Ban the Health Services Union. I'm Alan Jones.

08 April 2009

The fast and the furious



Finally, the Federal Government has done what it should have done in the first place. The country will be better for being optic-fibred - not to the network, the node or any other rort but to the very premises where people live and work - on the government coin. Let's hope that the "compensation" that it feels obliged to offer those who had taken part in this stacked game is not too onerous.

The media coverage of this issue has fallen into four predictable ruts:

  • The political: tit-for-tat equal time to the major parties, government proposes and opposition opposes, John B. Fairfax-style "old-fashioned journalism".

  • The economic: whose share price is affected, and the incredible risk-aversion of Australia's fearless capitalists without the government to hold their hands, do their work for them and guarantee them a few dollars into the bargain.

  • The geeky: z0mg, evrything (w4t3vr) wil b fast & kewl?!?!?! :)

  • The Australian: No matter what, it's another stuff-up by the Rudd Government.

Let's take each of these apart to show why the public are poorly informed when journalists jump into the ruts they regard as trenches.

First, the political. This is as straight a piece of reporting as you'll find: description of what the Government is proposing, with quotes, and a response from the Opposition. Neither of these are examined.

The fact that the government is "under pressure" is neither here nor there: the government is always under pressure. This sort of reporting seeks to create drama where none exists. What's missing here is an examination of the issues raised:
But some analysts say the plan will cause broadband costs to rise, especially if there is not a large demand from households for the service.

Analysts should know that both the demand for and supply of increased data traffic over the internet have increased exponentially in recent years, and shows every sign of continuing. Will costs rise in real terms? Will these costs be offset by new economic possibilities not available now? Who are these analysts, and why are they stuck in the present when nobody else - the taxpayer/ citizen/ net-user included - isn't?
Federal Treasurer Wayne Swan has also defended the plan, but will also not say how much the cost will be to consumers.

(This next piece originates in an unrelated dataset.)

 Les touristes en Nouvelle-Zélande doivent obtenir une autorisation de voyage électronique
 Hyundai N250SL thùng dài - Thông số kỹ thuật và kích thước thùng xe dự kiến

"I'm not going to speculate about the price, that's why we're going to have the implementation study ...

Oh, so there's an implementation study to deal with the issue of cost? Why wasn't that at the top of the article?

But Opposition Leader Malcolm Turnbull says the Government has no evidence to show the plan stacks up.

"They've said it's a great investment ... and yet we've just heard him say he does not know how many households will take it up. He does not know what price they will pay and, in fact, he does not know whether it's commercially viable at all," he told Radio National.

"This service to be commercially viable would require an enormous number, a very, very large percentage of households to take it up and to pay prices north of $150 a month."

Malcolm Turnbull was a director of one of Australia's first million-dollar internet companies, OzEmail. He should know that scaremongering about the internet is stupid and counterproductive, serving only to discourage the uptake of opportunities. A responsible fourth estate would have called him on it.
Opposition broadband spokesman Nick Minchin says the Government's announcement is just "an extraordinary and brazen cover-up" for the collapse of its previous $9.4 billion plan.

"We've got a $43 billion plan with no business case attached to it, no evidence that people actually want 100 megabits per second of download speed ... to warrant a $43 billion investment," he told ABC 2 News Breakfast.

If you go back through history you'll find some shellbacked reactionary fulminating against every initiative, every technological development big enough to cause some form of social dislocation. What happened here was that the government has decided to wade in and do it properly.

Consider the vast tracts of lands devoted to airports, the noise, and the propensity for planes to crash - Nick Minchin would have voted against air transport at every opportunity, particularly if the cruise liner industry and Cobb & Co brushed a few crumbs at the South Australian Division of the Liberal Party.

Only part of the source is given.